Всесильный фаворит сорвал парик с безмолвного лакея и швырнул его в сторону.

— Фи! Что за волосы? — Платон брезгливо скривился. — Одень быстро парик!

Развернувшись и было дело ускорившись идти в дом, Платон Александрович резко замедлился. Он посчитал, что брат Николай может… нет, он должен, встречать его даже не на крыльце, а спустившись со ступенек. Это же он, Платон, возвысил всех братьев. Они живут так хорошо из-за того, что он любит императрицу и ею любим.
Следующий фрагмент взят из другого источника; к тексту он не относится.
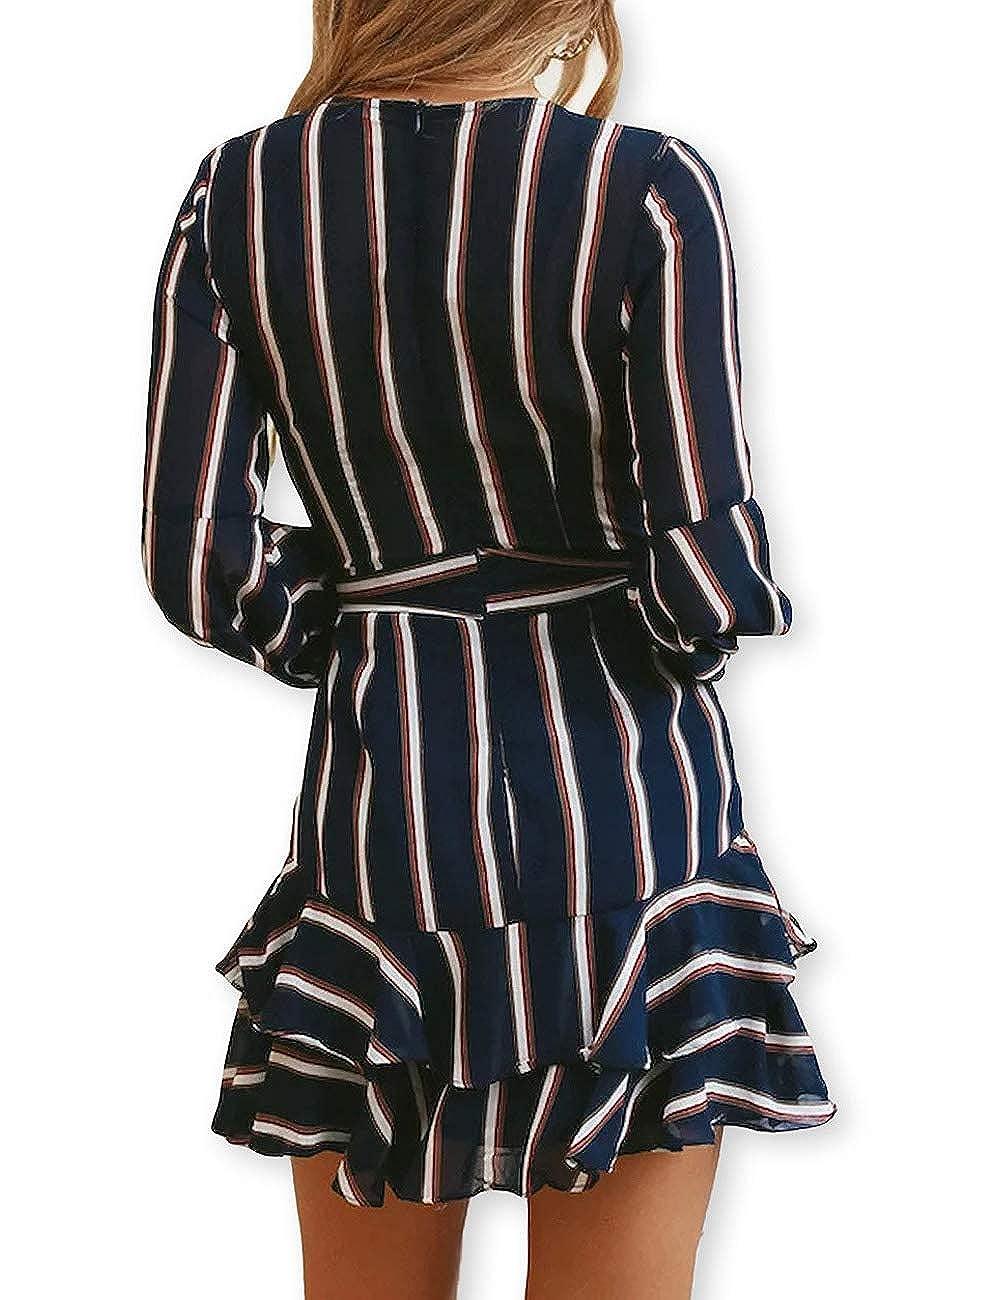 abce501b4d AOOKSMERY Women Sexy Strips Ruffles V-Neck Long Sleeve Empire Waist Short  Dress with Belt at Amazon Women s Clothing store

Николай Александрович вышел на крыльцо и так же ждал, когда брат, в последнее время все более заносчивый, подымется на крыльцо. Старший из братьев, Николай, был мозгом в семействе Зубовых. Это он смог пошатнуть с пьедестала Григория Потемкина, отвернуть, казалось бы, несокрушимого хозяина Новороссии, от императрицы. Николай женился на дочери Александра Васильевича Суворова, звезда которого восходила и затмила военные успехи самого Потемкина. И брат, Платошка, должен быть благодарным. Сам-то он натворил бы дел и уже мог оказаться в опале.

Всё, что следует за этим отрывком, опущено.